» Supplied information
* * *

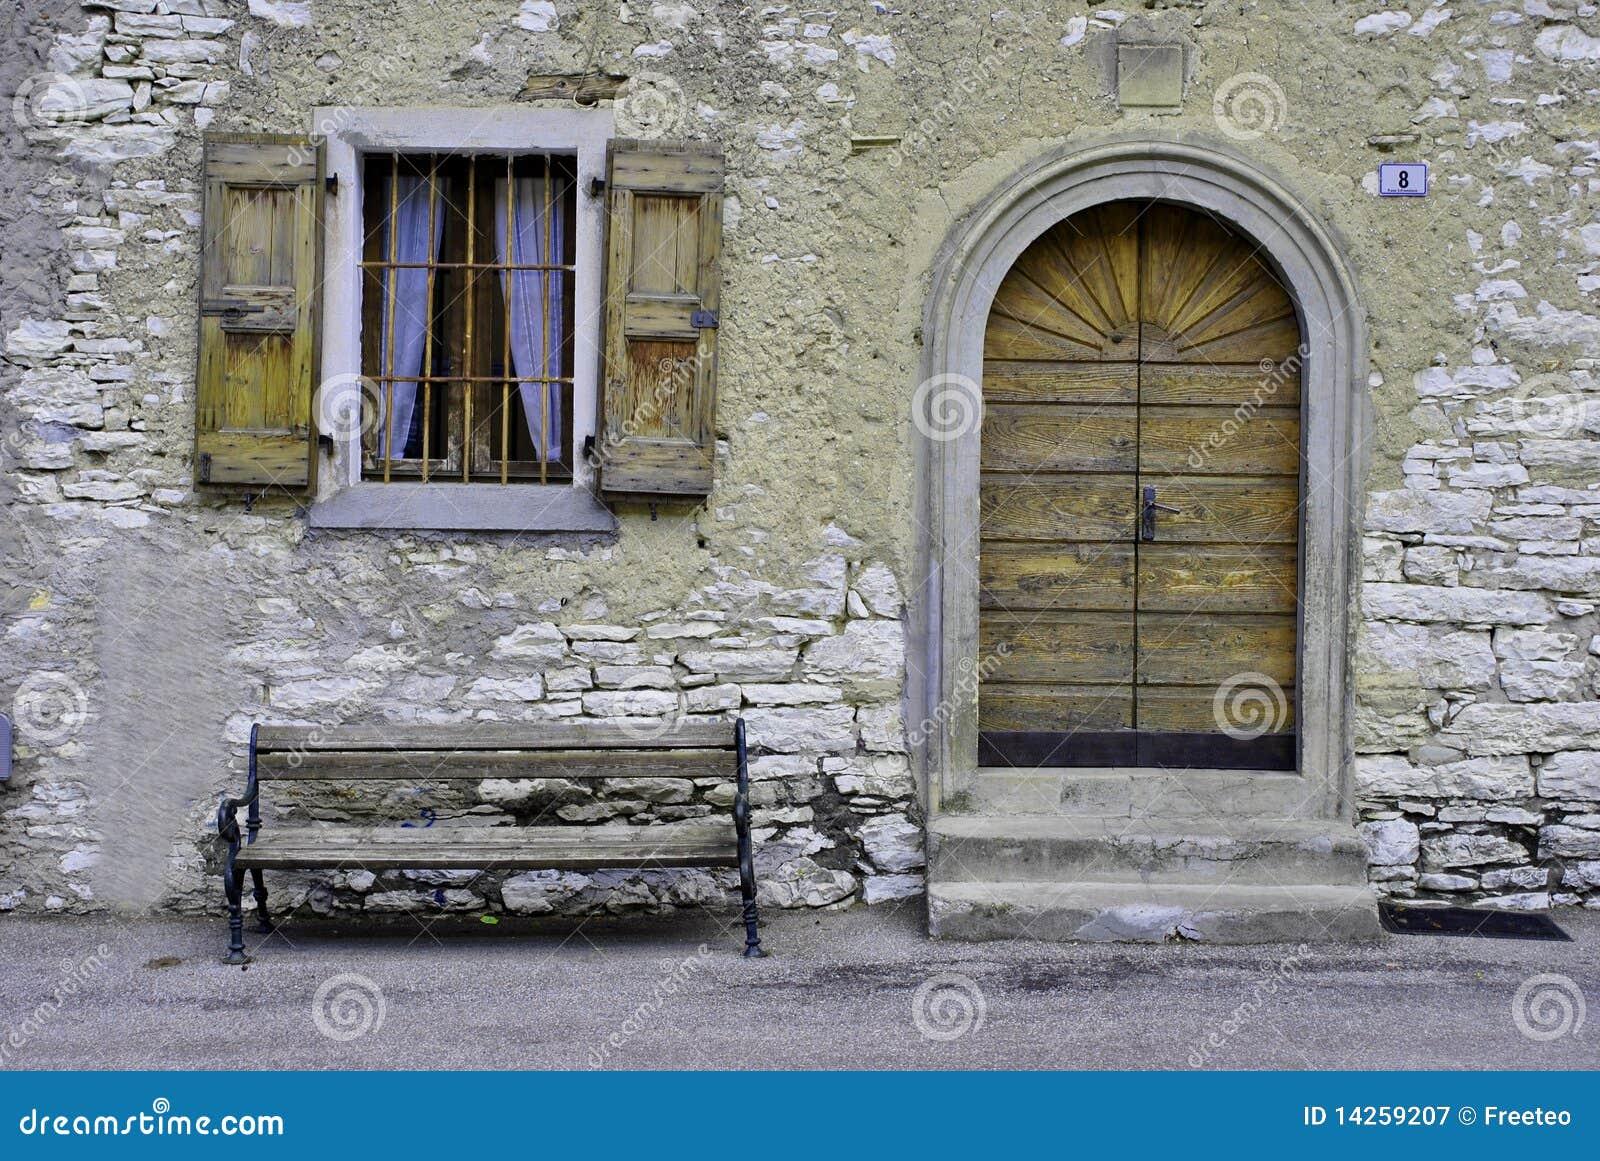 Facciata rustica fotografia stock libera da diritti - Tende casa rustica ...
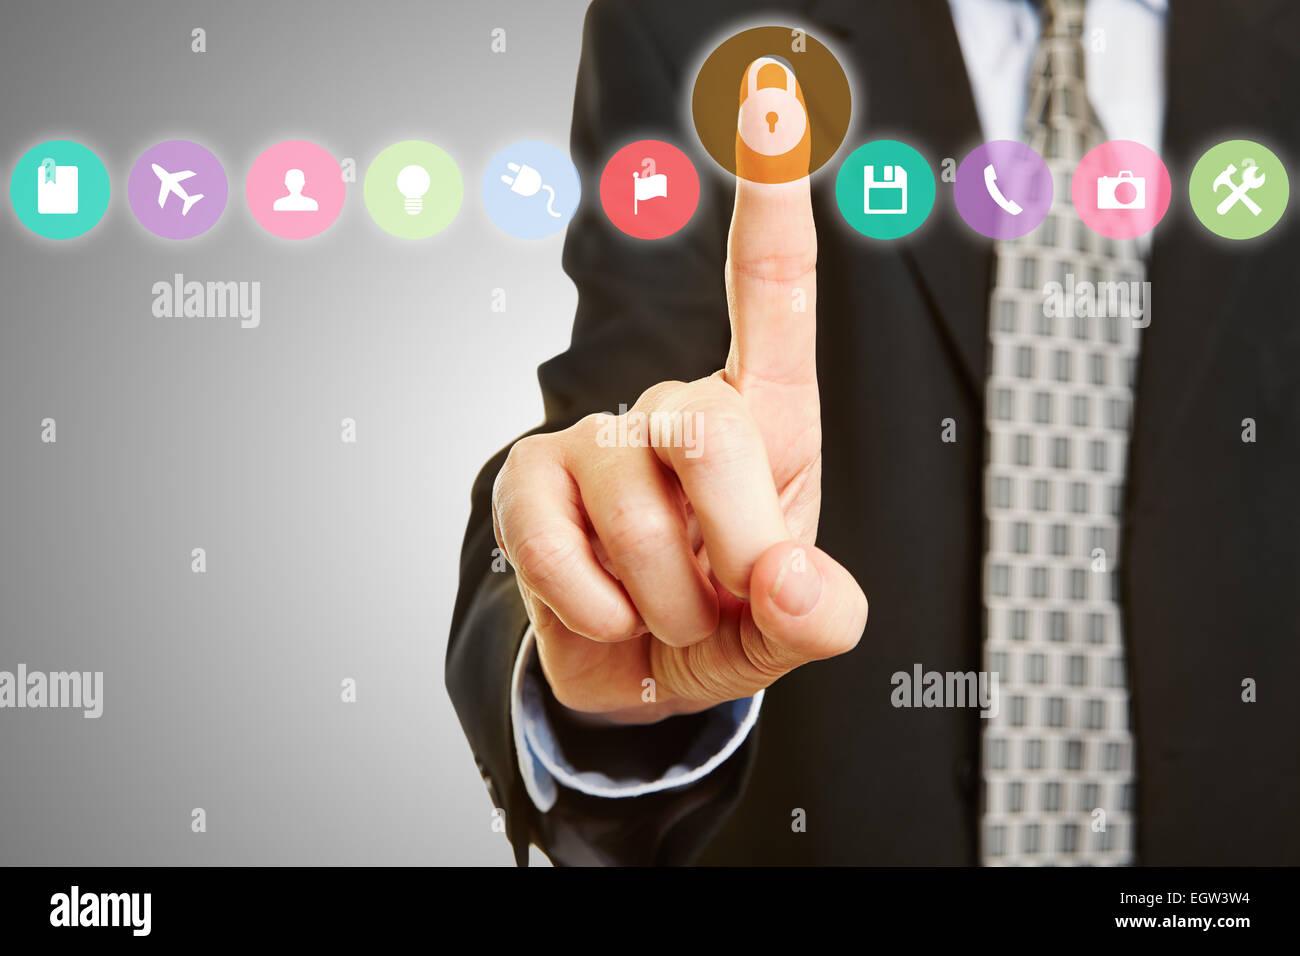 Konzept für Datenschutz und Verschlüsselung mit Hand und Schloss auf einem Touchscreen - Stock Image
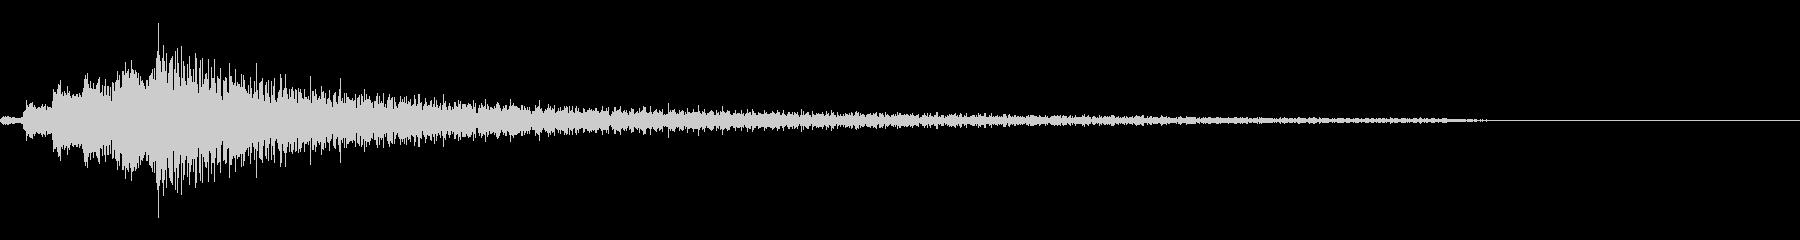 和風な琴のジングル 3の未再生の波形
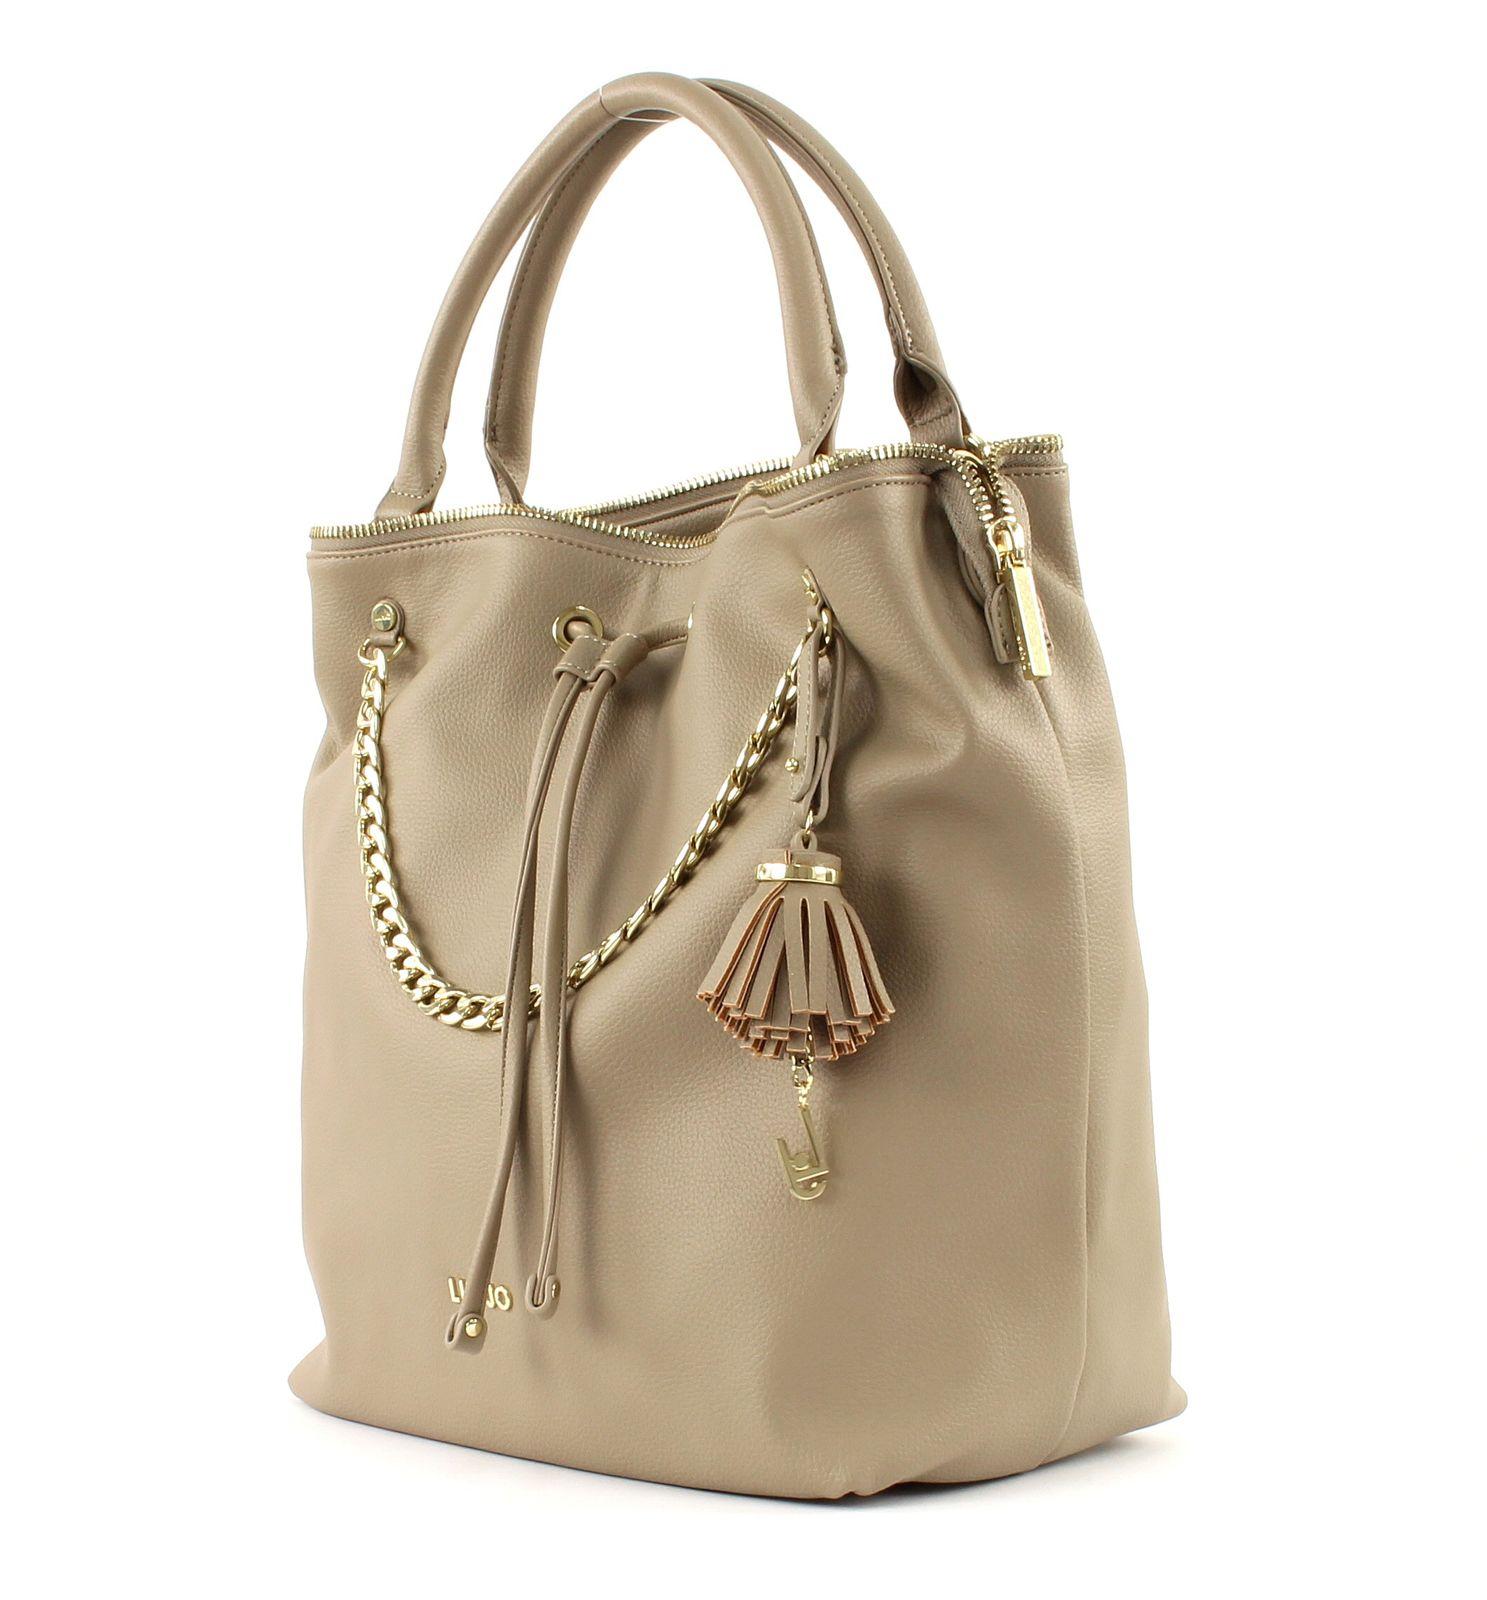 Konstruktiv Clutch Abendtasche Handtasche Tasche Damen Schwarz Perlen Strass Brauttasche Neu Kleidung & Accessoires Damentaschen

* * *

» Task goal
Reproduce exactly, and only, the lines from the opening line of the listing above through the line holding "和風な琴のジングル 3の未再生の波形", minus the pictures.

» Expected answer
 Facciata rustica fotografia stock libera da diritti - Tende casa rustica ...
 Konzept für Datenschutz und Verschlüsselung mit Hand und Schloss auf einem Touchscreen - Stock Image
 和風な琴のジングル 3の未再生の波形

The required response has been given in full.